== Problem to solve ==
Your answer must be the full listing, word for word, with no images in it.

━━ Collected data

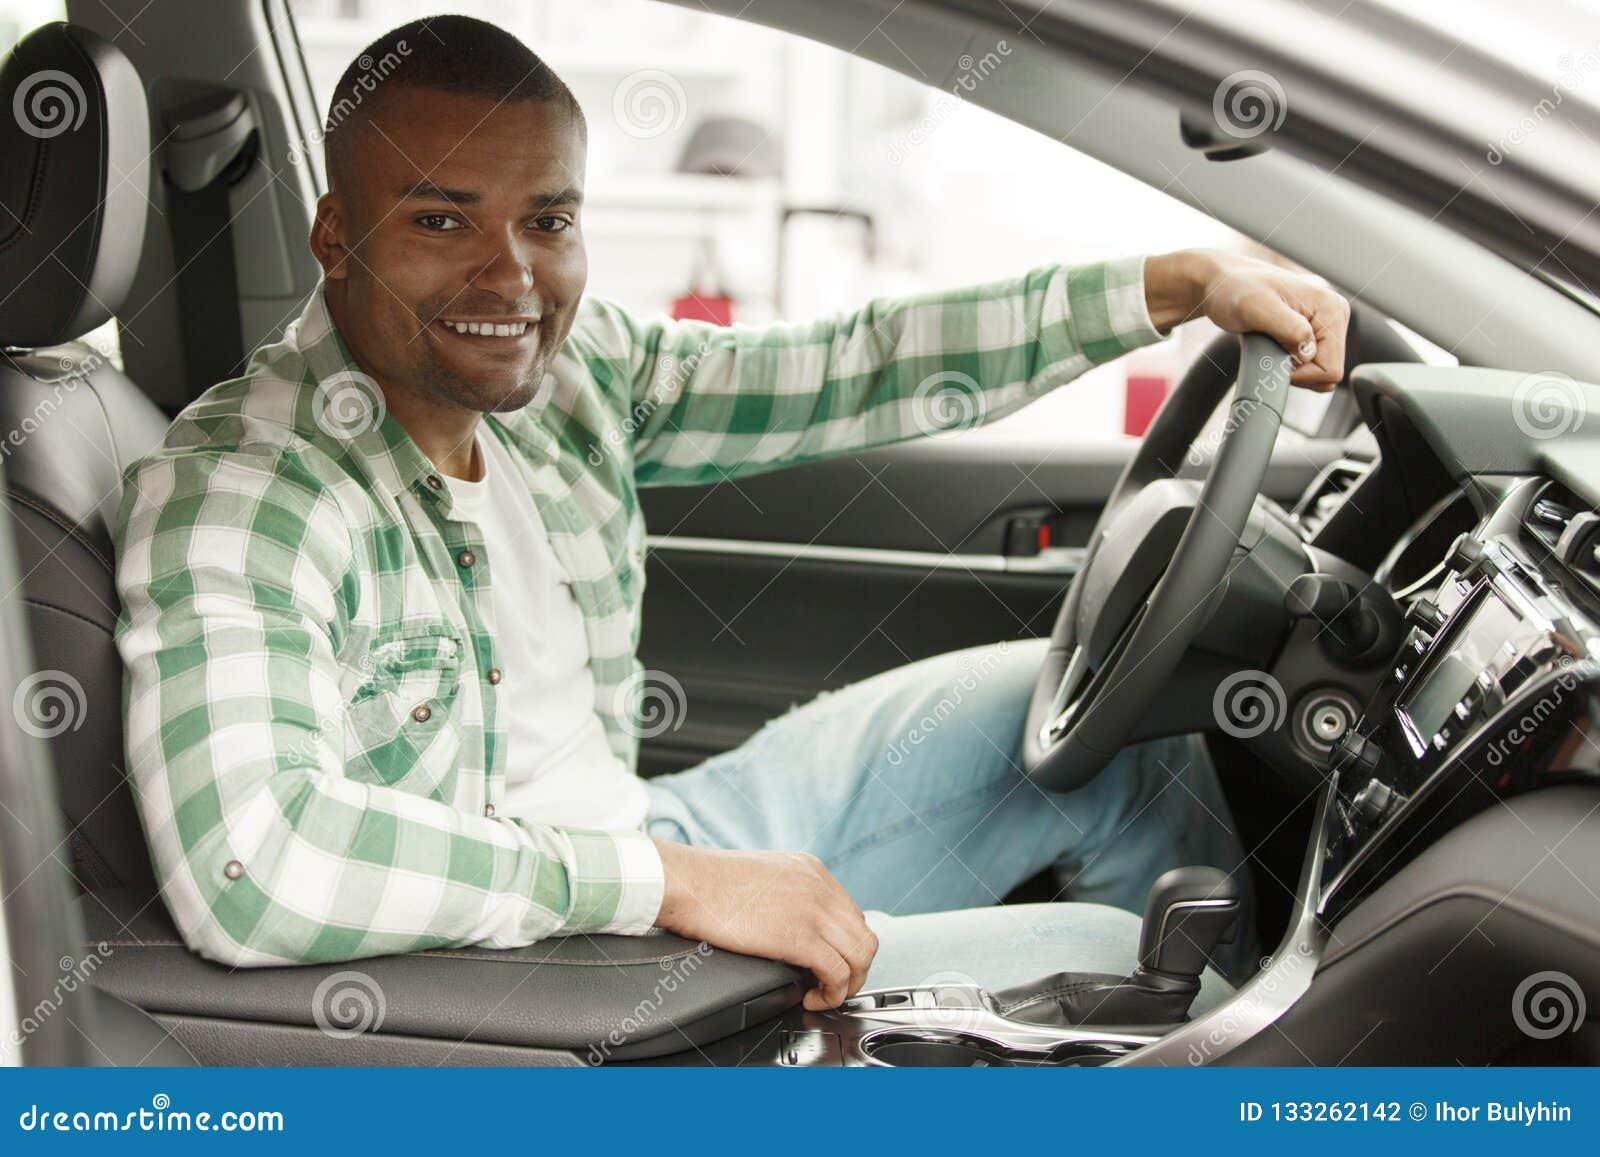 Όμορφο αφρικανικό άτομο που επιλέγει το νέο αυτοκίνητο στον αντιπρόσωπο
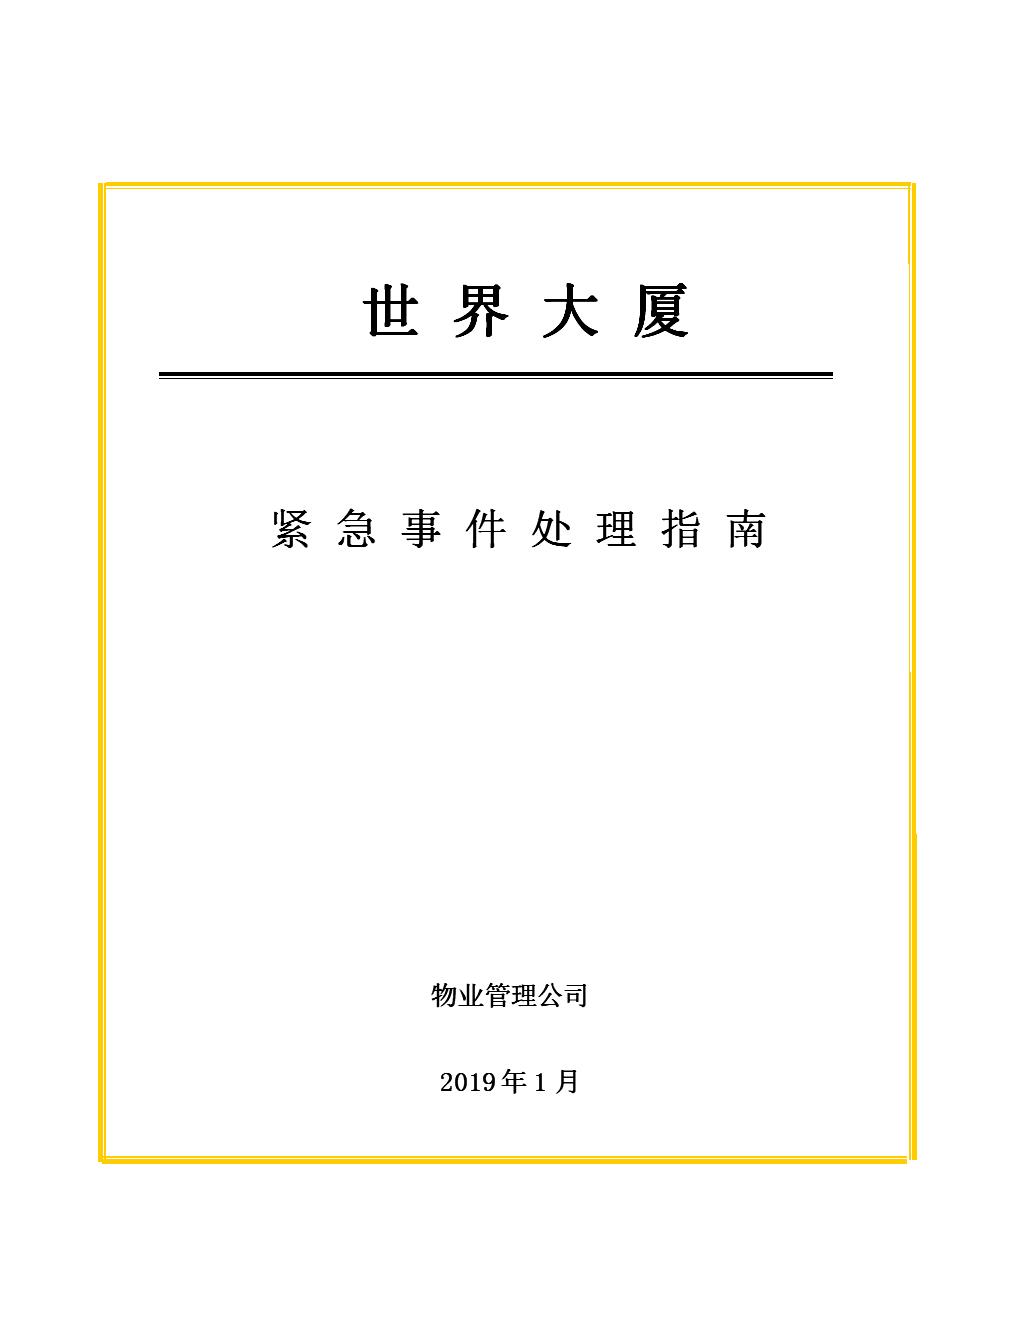 2019年物业管理应急事故处理指南.doc
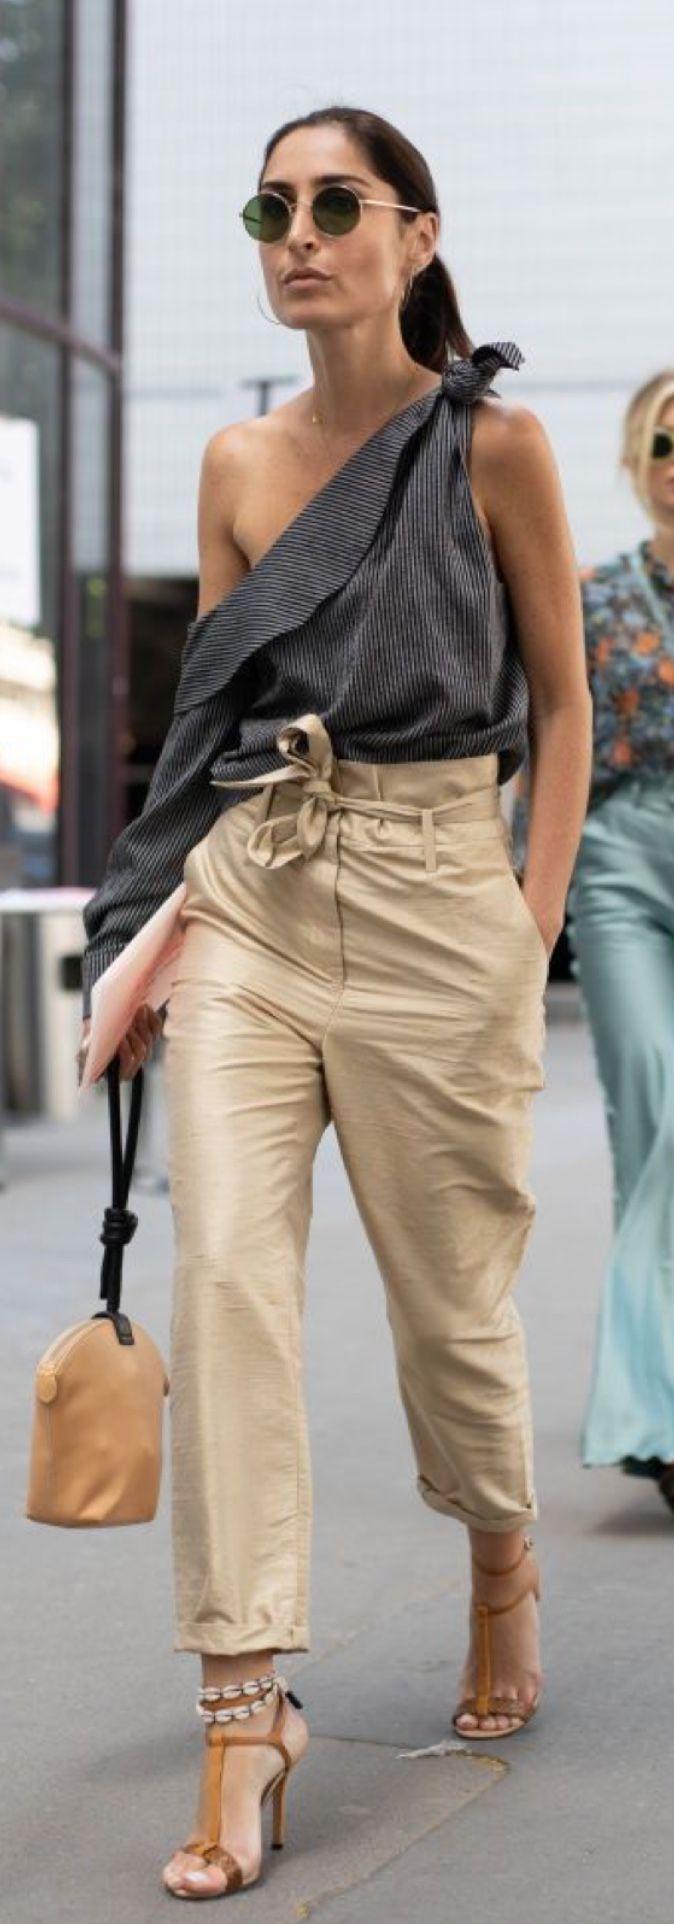 Le nuove parigine indossano le sneakers? Così sembra, da questi look streetstyle da Parigi Moda Uomo

━━━━

== Output for this task ==
 Όμορφο αφρικανικό άτομο που επιλέγει το νέο αυτοκίνητο στον αντιπρόσωπο
 2019年物业管理应急事故处理指南.doc
 Le nuove parigine indossano le sneakers? Così sembra, da questi look streetstyle da Parigi Moda Uomo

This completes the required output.